IF 6.1 2区 医学 Q1 PEDIATRICS Pub Date : 2024-09-01 Epub Date: 2024-06-19 DOI: 10.1007/s12519-024-00810-5
Jun Hyuk Lee, Myeongcheol Lee, Hojae Lee, Jaeyu Park, Sunyoung Kim, Ai Koyanagi, Lee Smith, Min Seo Kim, Guillermo F López Sánchez, Elena Dragioti, Masoud Rahmati, Jiseung Kang, Hans Oh, Dong Keon Yon

Background: The exact influence of the COVID-19 pandemic on sexual intercourse and usage of contraception remains largely uncharted territory. To bridge this gap in knowledge, we conducted a comprehensive, cross-sectional examination of long-term trends in the prevalence of sexual intercourse and usage of contraception among South Korean adolescents from 2006 to 2022.

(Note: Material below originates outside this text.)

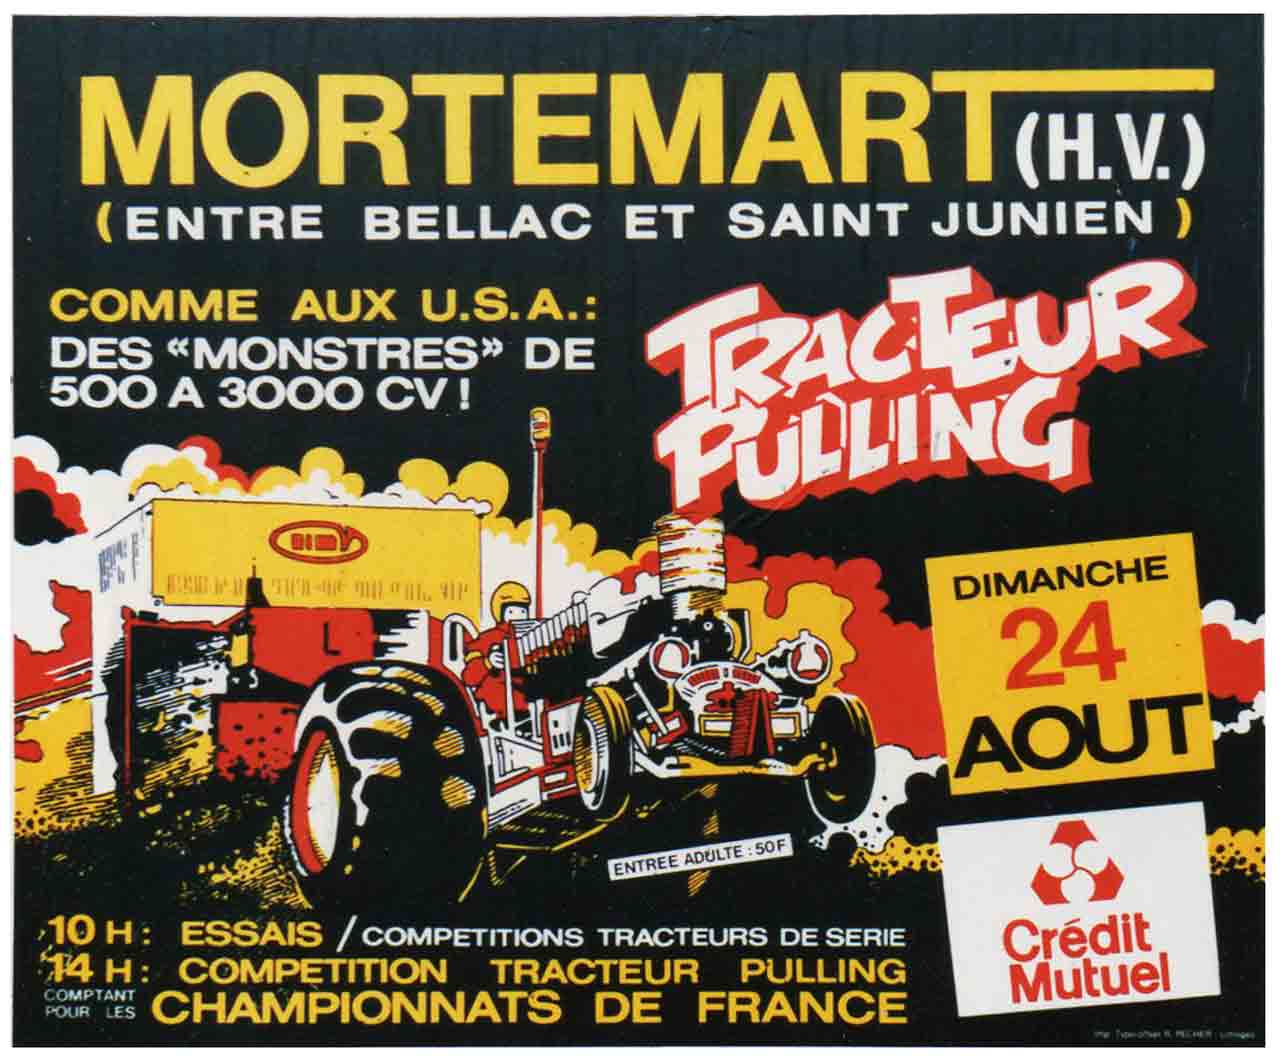 affiche cul de bus Tracteur Pulling Mortemart 1986 Marc-André

Methods: In our research, we drew upon data encompassing 1,138,799 South Korean adolescents aged 12 to 18 years, derived from the Korean Youth Risk Behavior Web-based Survey (KYRBS) over a period spanning from 2006 to 2022. We focused on the prevalence of sexual intercourse, contraception utilization, and the underlying associated factors among this demographic. The KYRBS data was collected using a complex sampling strategy to determine the national prevalence estimates and shifts in prevalence before (2006-2019) and during (2020-2022) the COVID-19 pandemic era.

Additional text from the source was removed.